Kommentar
08:37 Uhr, 06.07.2005

Deka-EZB-Kompass bestärkt abwartende Haltung der EZB

1. Gesamtergebnis: Der EZB-Kompass lag im Juni bei 54,0 Punkten, nachdem der Mai-Wert von 52,7 auf 54,0 Punkte heraufrevidiert wurde. Die Revision ist im Wesentlichen auf die von 1,4 % auf 1,6 % gestiegene Kernrate des HVPI, eine stärkere Industrieproduktion und auf eine stärkere Kreditvergabe und höheres M3- Wachstum zurückzuführen.
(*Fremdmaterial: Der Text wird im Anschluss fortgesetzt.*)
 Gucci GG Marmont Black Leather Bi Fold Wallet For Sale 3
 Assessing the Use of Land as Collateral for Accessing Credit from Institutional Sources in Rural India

Ausgehend von dieser höheren Basis vom Mai zeigt der EZB-Kompass im Juni nun eine Seitwärtstendenz. Dabei stieg der HVPI erneut auf über 2 % an. Die Kernrate glich dies jedoch mit einem Rückgang auf 1,4 % wieder aus. Erfreulich ist die Stabilisierung und sogar leichte Zunahme beim Economic Sentiment. Bei der Kreditvergabe gehen wir nicht davon aus, dass der Anstieg des Vormonats gehalten werden kann. Der für Mai berichtete saisonbereinigte Monatsanstieg von 0,8 % war der höchste seit März 2001.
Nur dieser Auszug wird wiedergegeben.